Scientific classification
- Kingdom: Animalia
- Phylum: Chordata
- Class: Amphibia
- Order: Anura
- Family: Rhacophoridae
- Genus: Zhangixalus
- Species: Z. thaoae
- Binomial name: Zhangixalus thaoae Nguyen, Ziegler et al., 2024

= Zhangixalus thaoae =

- Authority: Nguyen, Ziegler et al., 2024

Species of frog

Zhangixalus thaoae, or Thao's tree frog, is a species of frog in the family Rhacophoridae found in Lào Cai province, northwestern Vietnam. It was described by Nguyen et al. in 2024 by specimens found in evergreen montane tropical forest at an elevation of about 1,883 meters above sea level. The species is named after the first author's wife, Nguyen Thi Thanh Thao, as a sign of gratitude for her support of research activities.

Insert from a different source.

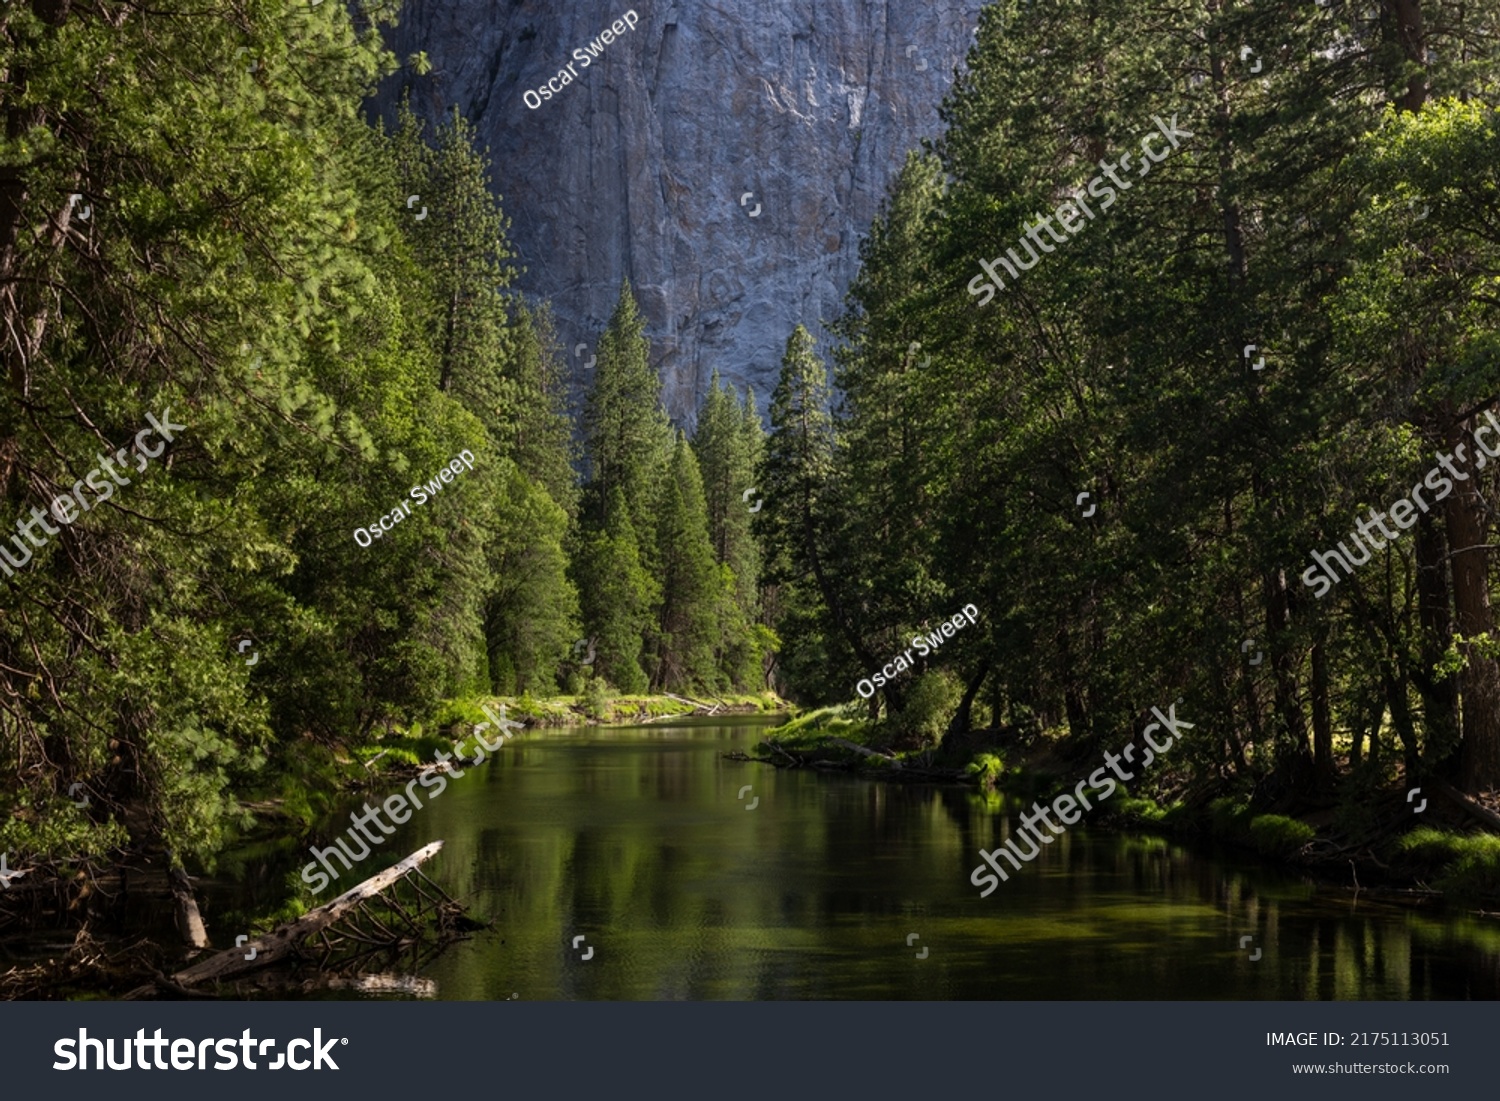 Scenic view of famous Yosemite Valley green river on a beautiful sunny day, Yosemite National Park, California, USA #2175113051

It mostly resembles Z. yaoshanensis but is distinguished by its smaller size (SVL 30.1–32.2 mm in males), coloration, and is genetically distant enough to be recognized as a separate species. Genetically, Z. thaoae is closest to Z. jodiae, Z. pinglongensis, and Z. yaoshanensis in the Z. chenfui group. According to the authors of the description, it is possible that in the future the species will be found in the evergreen forests of Guangxi province in southern China. Due to the lack of data on the species, the authors of the description recommended that the IUCN assign it Data Deficient status.